The reconciler no longer tears down ERROR instances and creates
fresh replacements (which would reset attemptCount and effectively
loop at 30 s forever). Instead:
- ERROR rows whose `nextRetryAt` is in the future are LEFT ALONE
and counted against the replica budget — preventing tight create-
fail-create churn while a previous attempt is in its backoff window.
- ERROR rows whose `nextRetryAt` has elapsed are retried IN-PLACE
via a new `retryInstance` method, which preserves attemptCount on
the same row so the schedule actually escalates.
The work has been factored into `startOne` (creates + initial attempt)
+ `attemptStart` (env + container) + `retryInstance` (re-attempt the
same row) + `markInstanceError` (write retry metadata).
### 3. STDIO readiness probe goes through mcpProxyService
`src/mcpd/src/services/health-probe.service.ts`
The legacy `probeStdio` (a `docker exec node -e '... spawn(packageName)
...'` invocation) only worked for packageName-based servers. Image-
based STDIO servers like gitea-mcp-server fell through with "No
packageName or command for STDIO server" and were reported unhealthy
for the WRONG reason — they have no packageName because they are an
image, not because anything's wrong.
New `probeReadinessViaProxy`: sends `tools/call` through the live
running container via `mcpProxyService.execute`. Same code path as
production traffic, so probe failures match real failures. Picks up:
- JSON-RPC errors (e.g. "token is required" when env is empty).
- Tool-level errors expressed as `result.isError: true`.
- Connection failures wrapped as exceptions.
- Hard timeouts via the deadline race.
After this PR, configuring `gitea` with
`healthCheck: { tool: get_me, intervalSeconds: 60 }` makes
`mcpctl get instances` report it as `unhealthy` whenever the auth
token is missing or wrong — which is honest.
The dead `probeStdio` (~120 LOC) is removed; HTTP/SSE bespoke probe
paths are kept for now (they work and the diff stays minimal).
## Tests
`src/mcpd/tests/instance-service.test.ts`:
- Replaces "cleans up ERROR instances and creates replacements" with
"retries ERROR instances in-place when their backoff has elapsed".
- Adds "leaves ERROR instances alone while their nextRetryAt is in
the future" and "escalates the backoff: attemptCount + nextRetryAt
persist on retry failures".
`src/mcpd/tests/services/health-probe.test.ts`:
- Swaps STDIO probe mocks from `orchestrator.execInContainer` →
`mcpProxyService.execute`.
- Adds "marks unhealthy when proxy returns a JSON-RPC error
(e.g. broken-secret auth failure)" — explicitly the gitea case.

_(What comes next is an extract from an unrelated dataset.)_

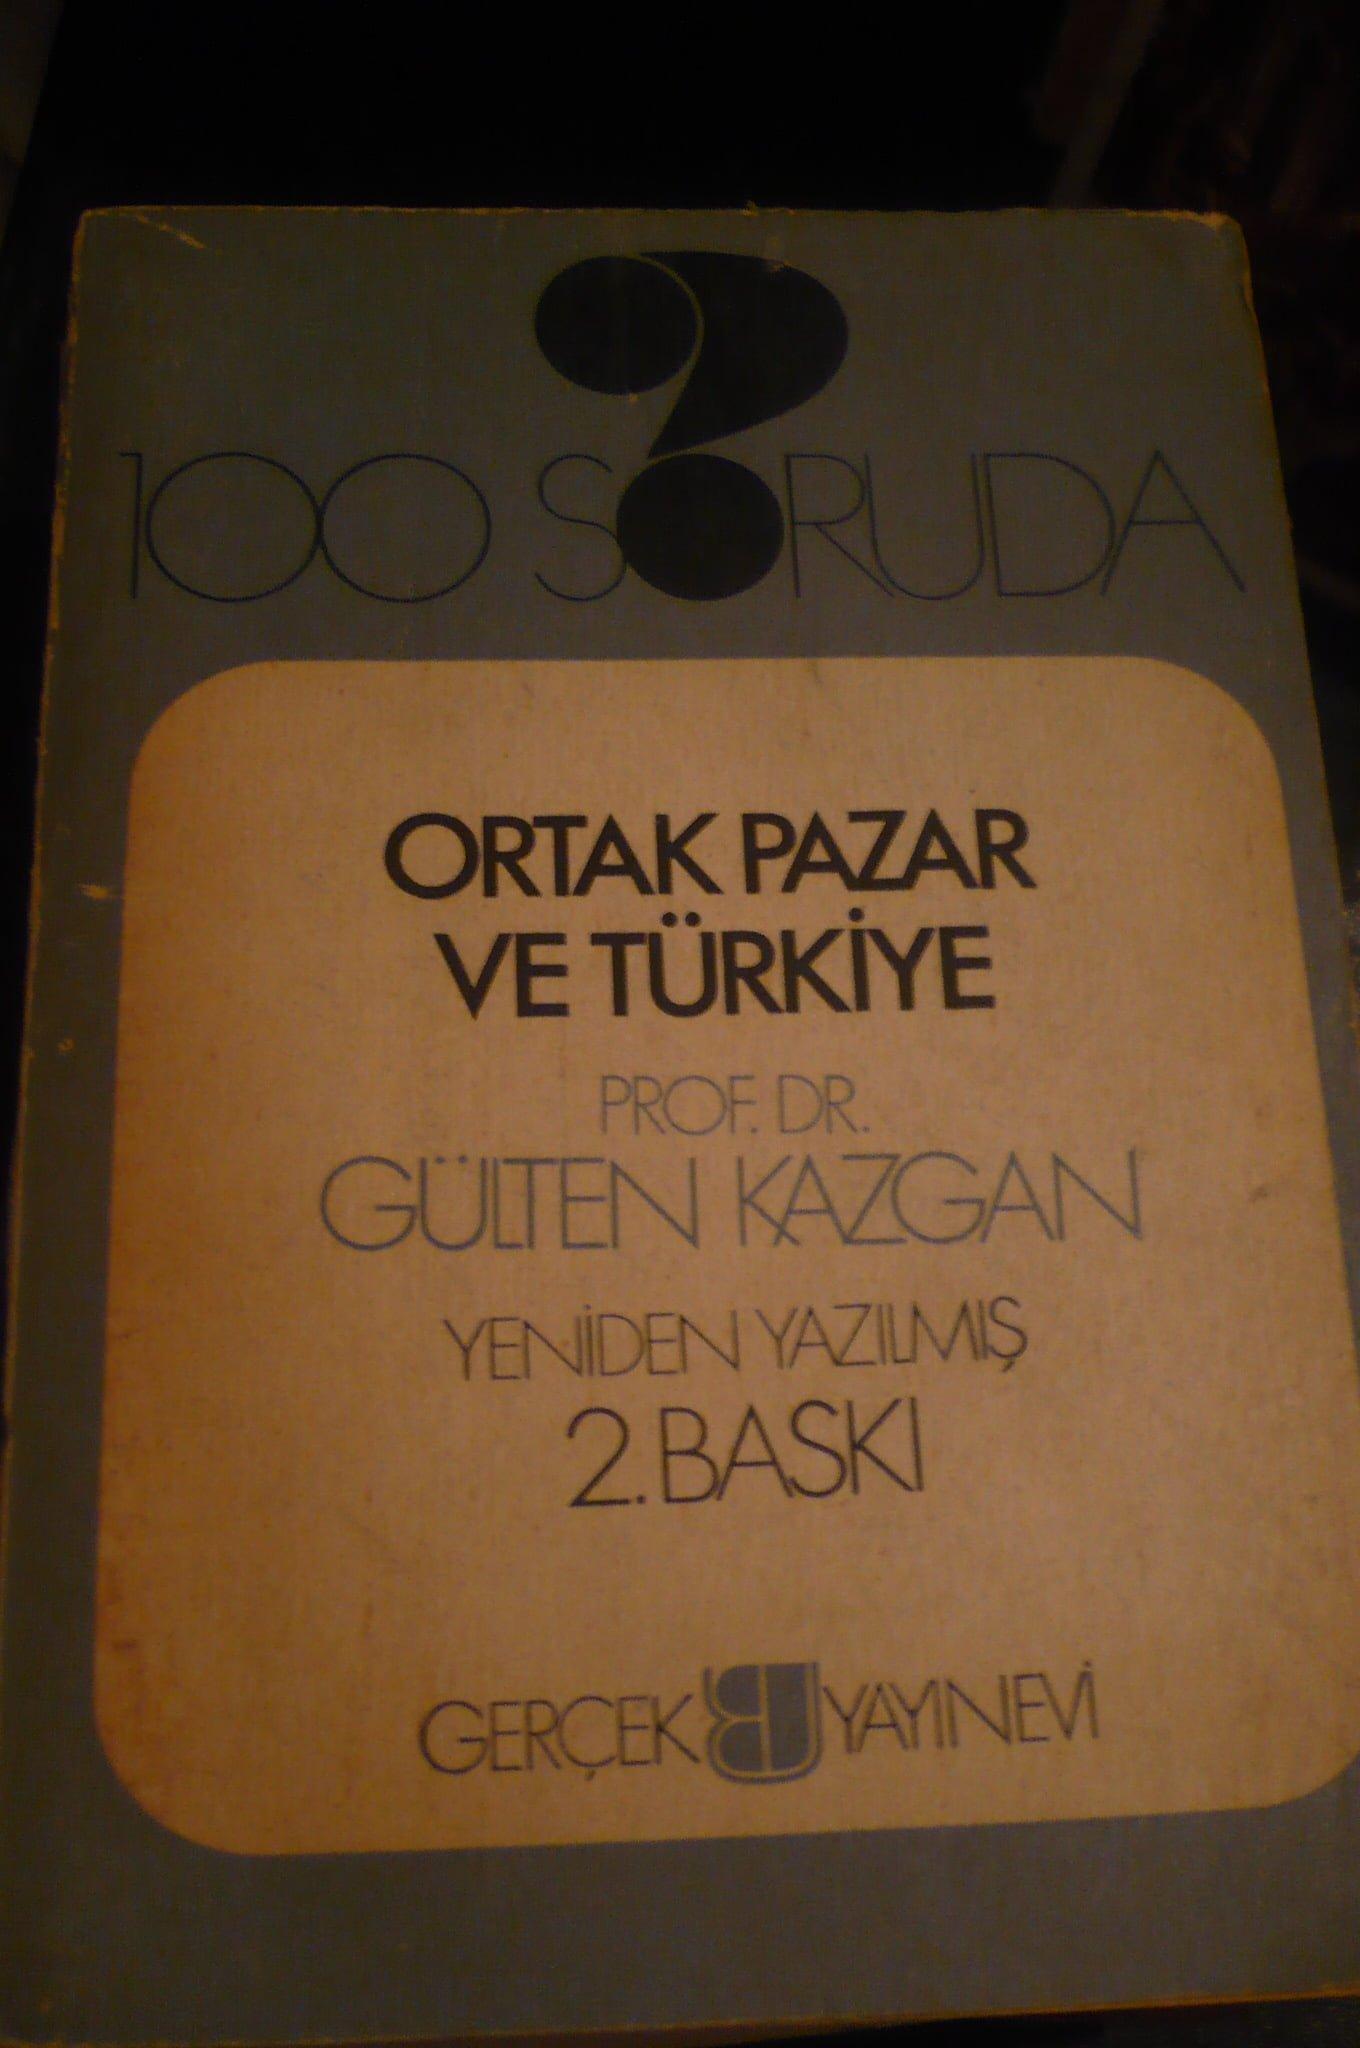 100 SORUDA ORTAK PAZAR VE TÜRKİYE/Gülten KAZGAN/15 TL
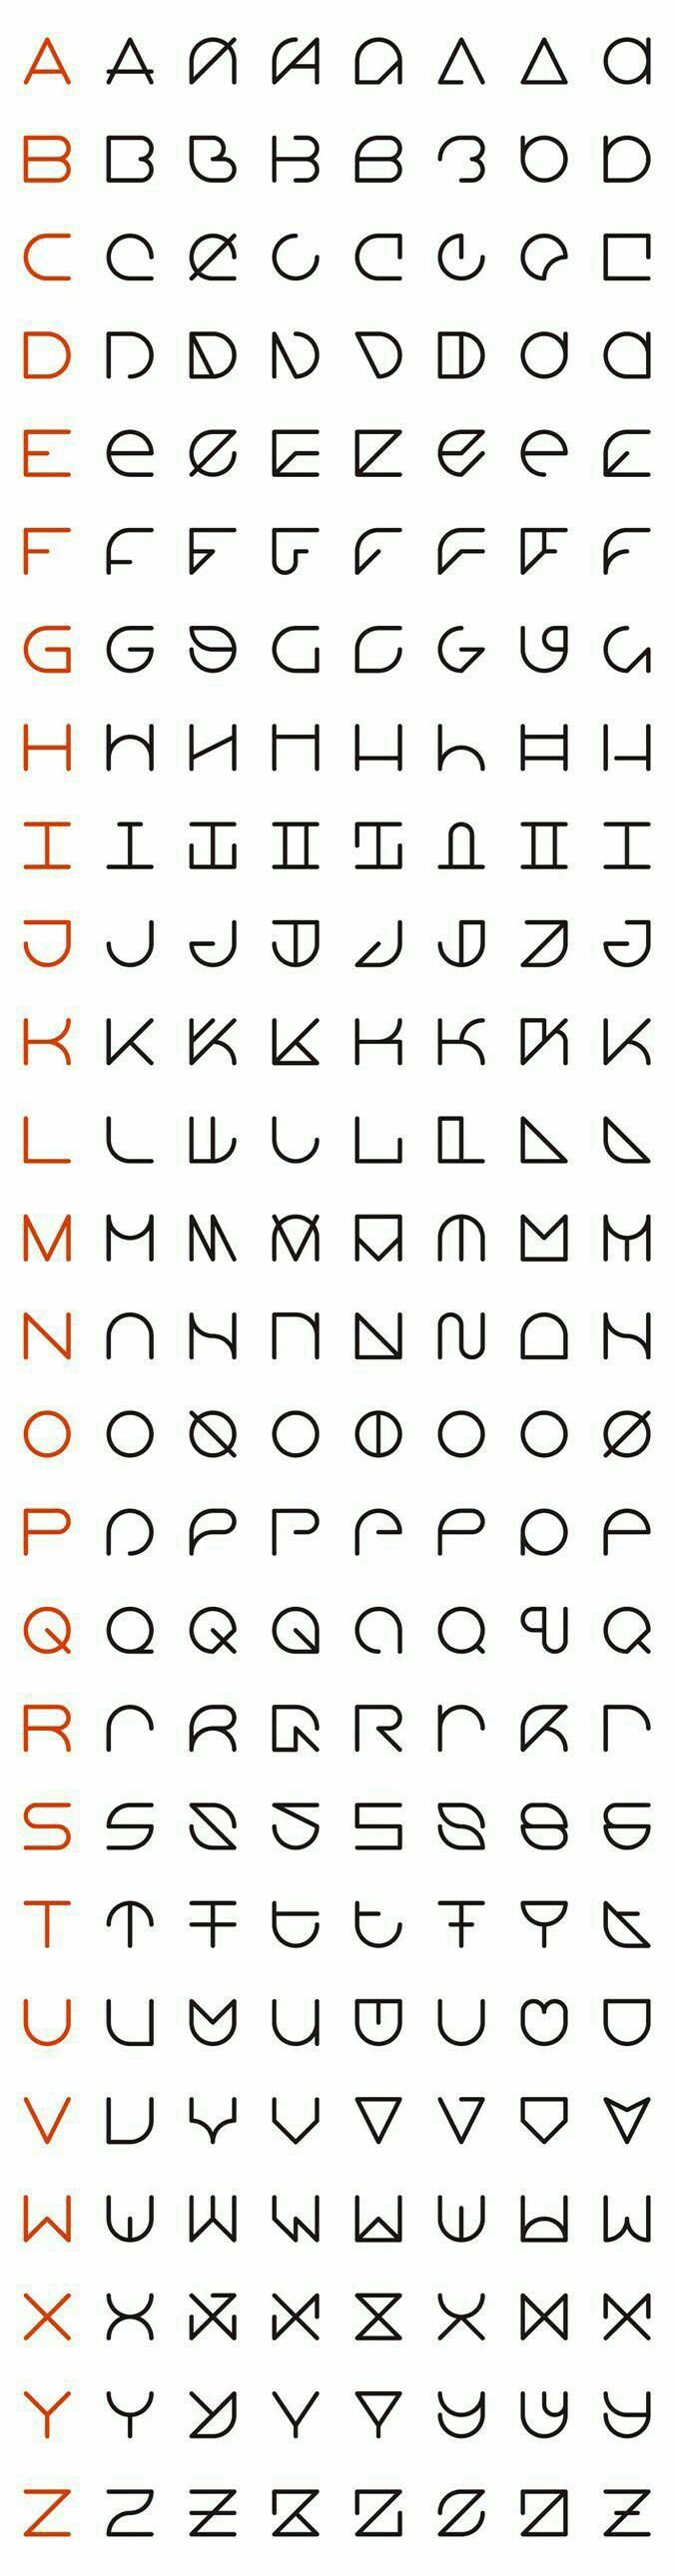 Minimalist Modern Font  Rahovec    Minimalist Fonts

- Adds "marks unhealthy when proxy returns a tool-level error in
result.isError" — covers servers that report tool failures as
isError instead of as JSON-RPC errors.
- Renames "handles exec timeout" → "handles probe timeout" and
exercises the deadline race rather than an exec rejection.
Full suite: 162 test files / 2161 tests green (+4 new).
## Manual verification step (post-deploy)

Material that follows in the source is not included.